Quanto à alíquota, ela deve estar fixada por lei municipal e pode ser progressiva em razão do valor do imóvel (CF, art. 156, § 1º). Pode ainda a alíquota variar conforme o uso do imóvel. Não existindo uma alíquota uniforme no IPTU, ela pode variar de um local para outro, como determina a lei do respectivo município. Por exemplo: Em Iguape (SP), cobra-se 5% do valor venal, enquanto em São Paulo, capital, varia de 1,5 a 2%. A tal alíquota de 5% parece ser confiscatória, pois num espaço de 20 anos transfere-se o valor do imóvel para os cofres públicos.

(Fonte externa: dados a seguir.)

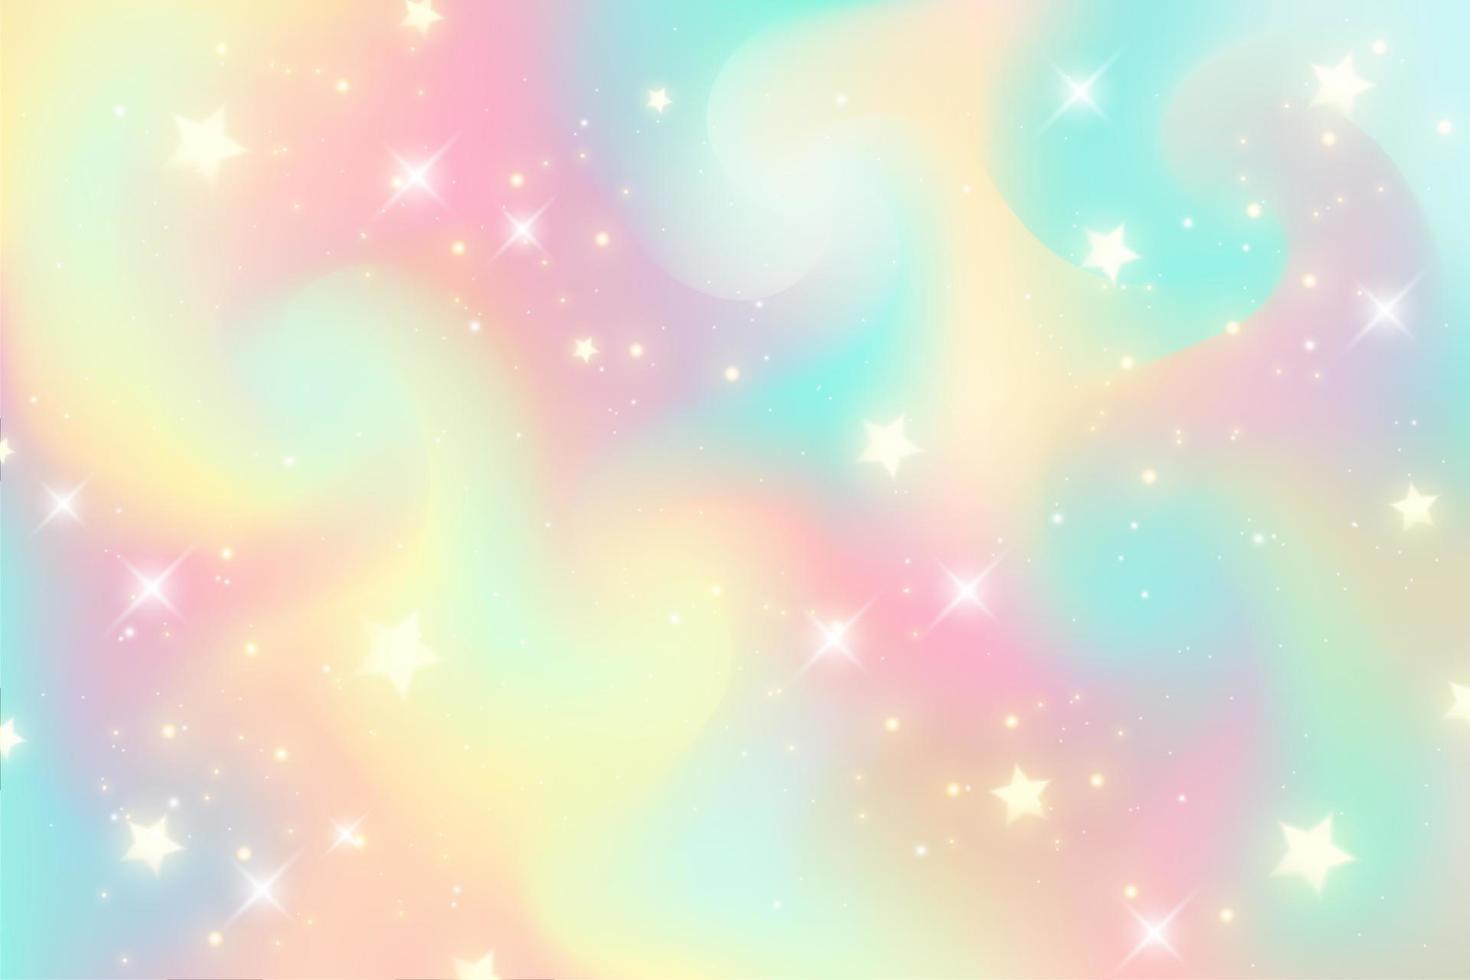 illustrazione dell'acquerello di fantasia con il cielo pastello dell'arcobaleno con le stelle. sfondo cosmico astratto di unicorno. illustrazione vettoriale di ragazza del fumetto.

A Constituição (art. 150, IV) proíbe o uso de imposto com efeito de confisco. No caso do IPTU essa possibilidade não pode ser aceita, ante o que assegura o artigo 6º da mesma Constituição Federal, que considera a moradia um dos direitos sociais de qualquer cidadão. Quer nos parecer, portanto, que é necessária a fixação de uma alíquota máxima a ser definida em lei complementar, como já existe para o ISS. Sem isso existe a possibilidade de confisco.
Quem entender que o lançamento do IPTU está exagerado deve reclamar na administração municipal, o que está garantido pelo artigo 148 do CTN. Uma discussão judicial, contudo, só pode ser adequada em valores de grande monta, de preferência depositando-se o valor questionado para garantir proteção para os juros e a correção. Considere-se ainda que uma ação judicial implica em custas e honorários advocatícios a pagar, além de despesas que incluem eventual perícia de engenharia.
Não existe advogado que em ação desse tipo possa garantir êxito. Trata-se, pois, de ação de risco que deve ser avaliado com critério. Não podemos esquecer que o imóvel pode ser penhorado para cobrança desse imposto.
Raul Haidar é jornalista e advogado tributarista, ex-presidente do Tribunal de Ética e Disciplina da OAB-SP e integrante do Conselho Editorial da revista ConJur.